----- RECORDED INFORMATION

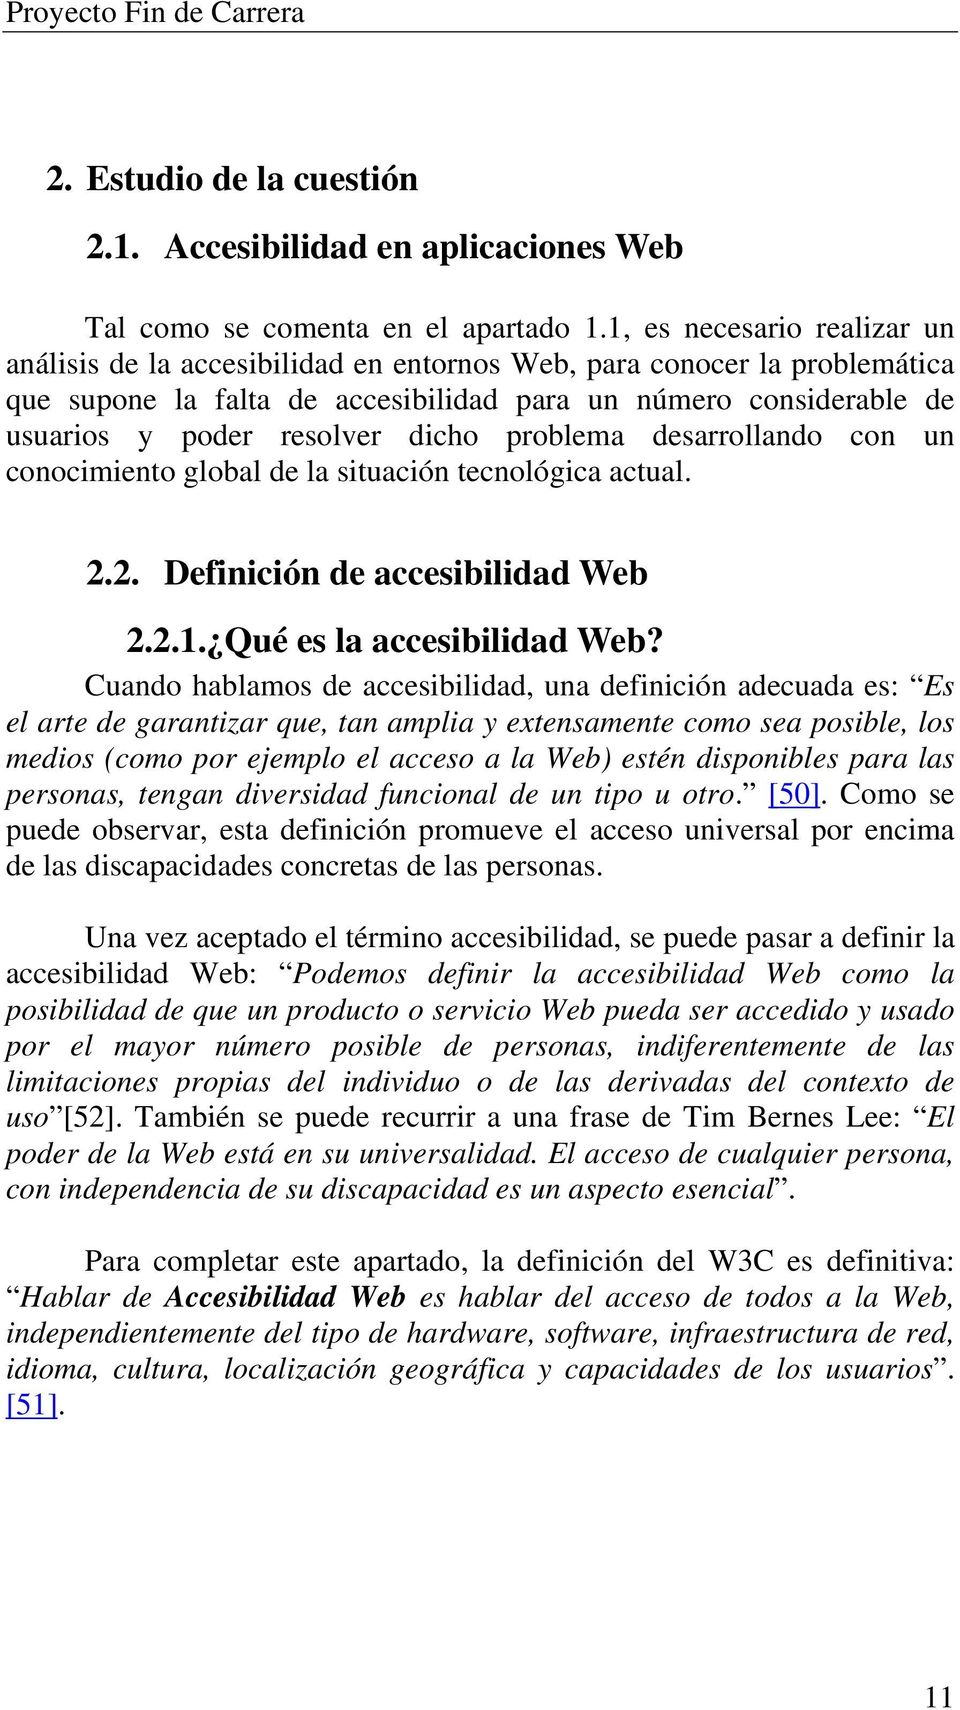 dicho problema desarrollando con un conocimiento global de la situación tecnológica actual. 2.2. Definición de accesibilidad Web 2.2.1. Qué es la accesibilidad Web?
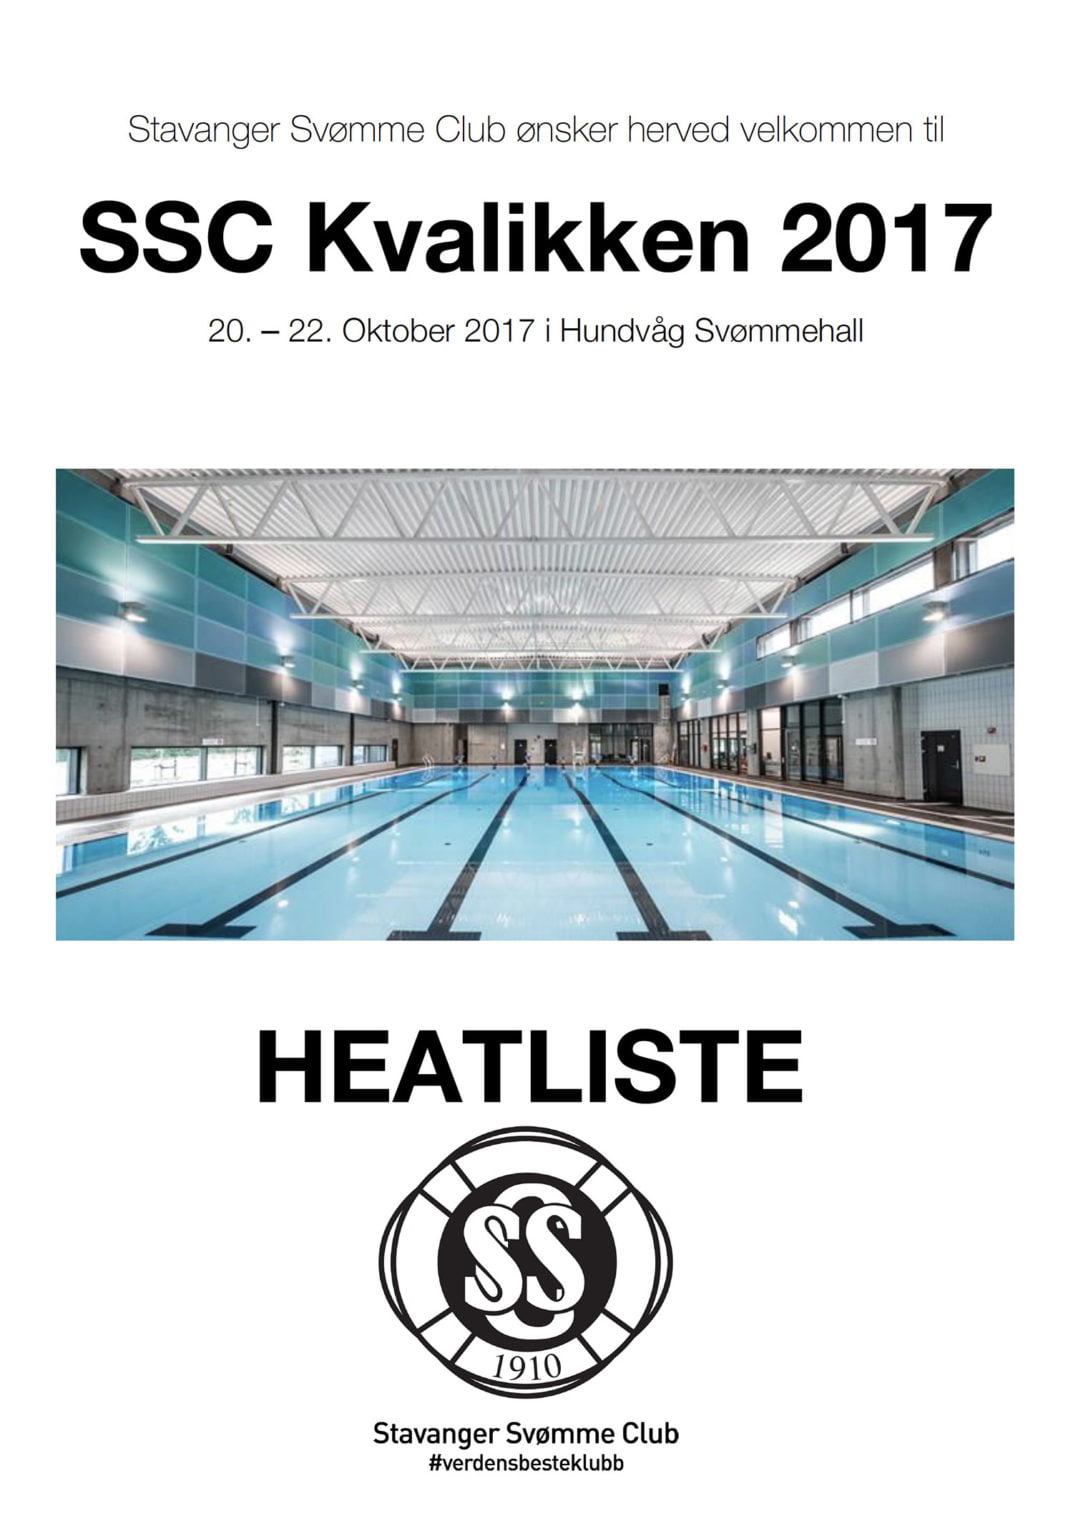 heatliste ssc kvalikken 2017 small
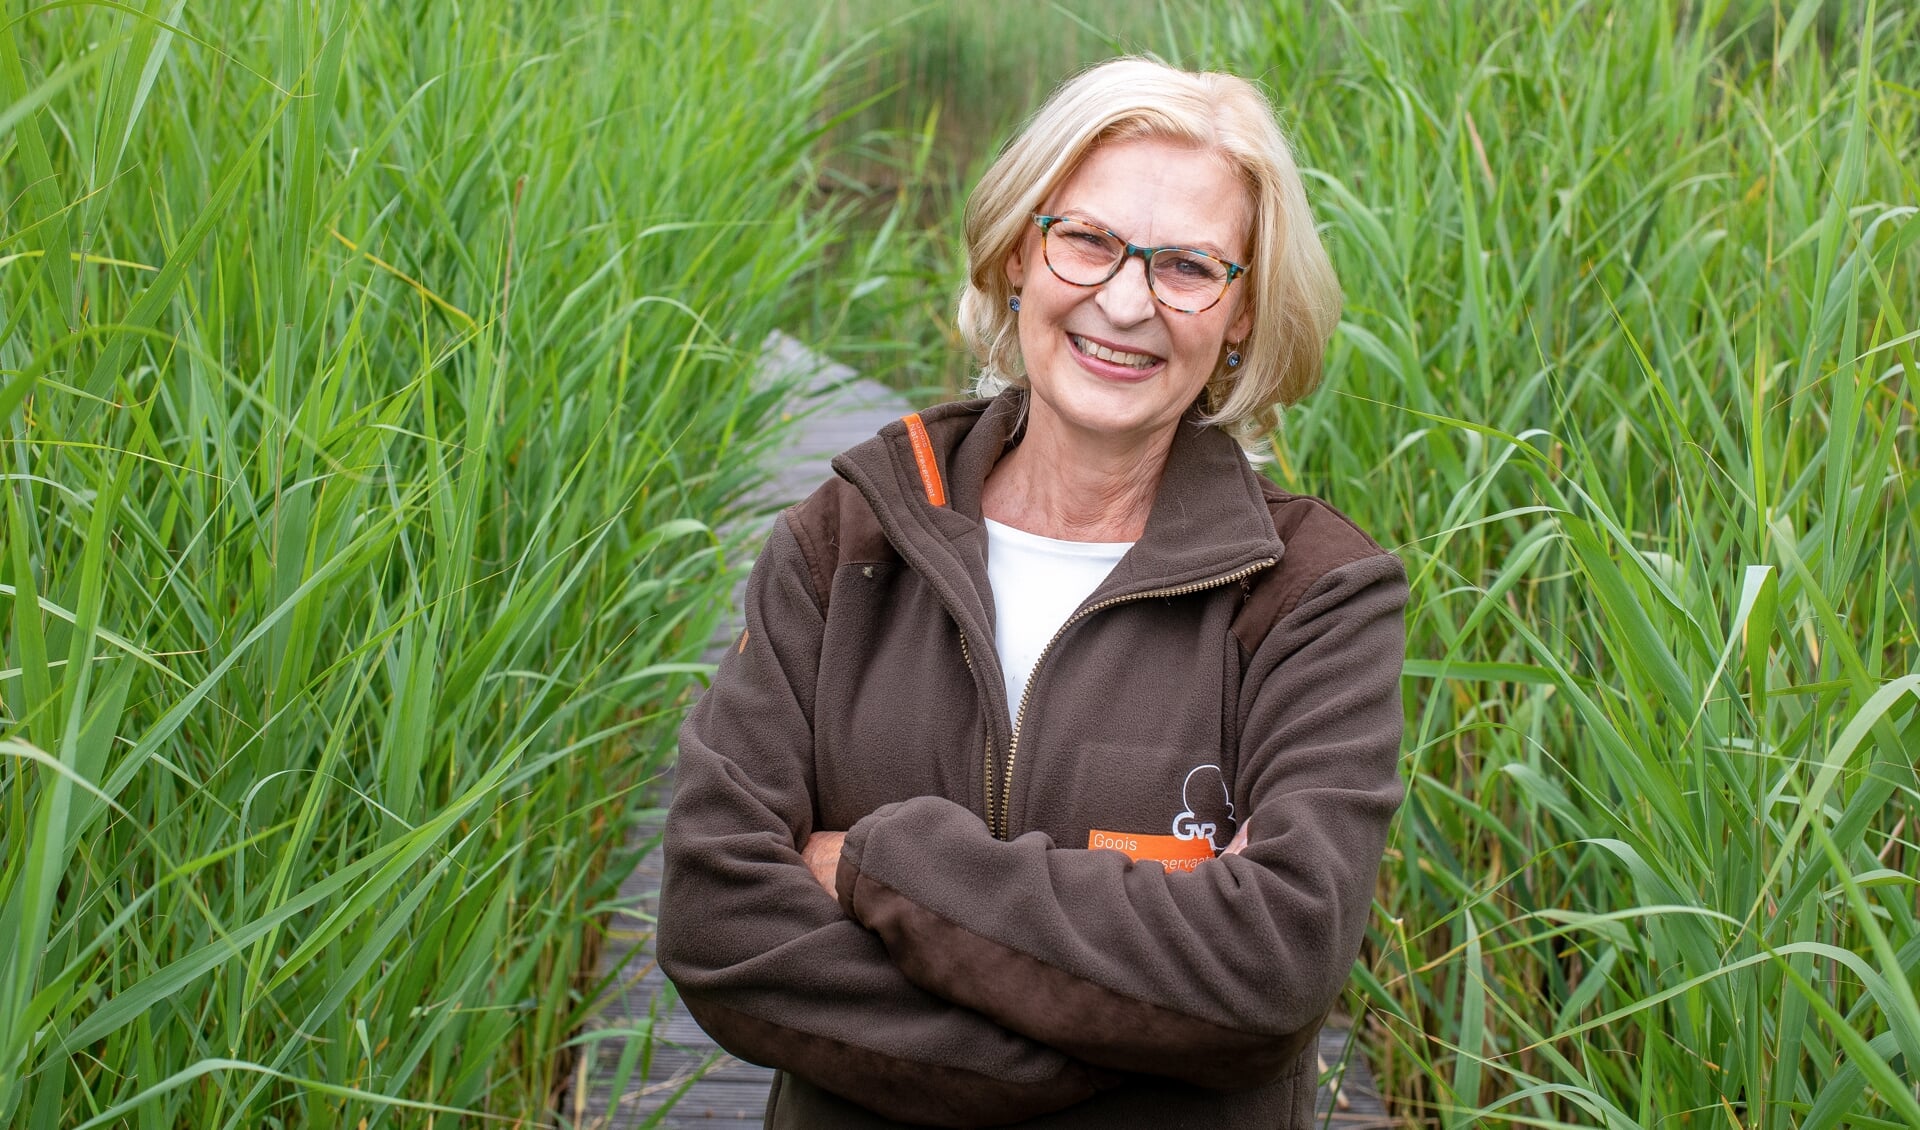 Directeur-rentmeester Karin Kos van Stichting Goois Natuurreservaat.

----------

== WORK INSTRUCTION ==
Pictures stay out; retype only the lines from the line containing "heatliste ssc kvalikken 2017 small" through the end of the listing, inclusive, exactly as they appear.

== SOLUTION FOR THIS TASK ==
 heatliste ssc kvalikken 2017 small
 Directeur-rentmeester Karin Kos van Stichting Goois Natuurreservaat.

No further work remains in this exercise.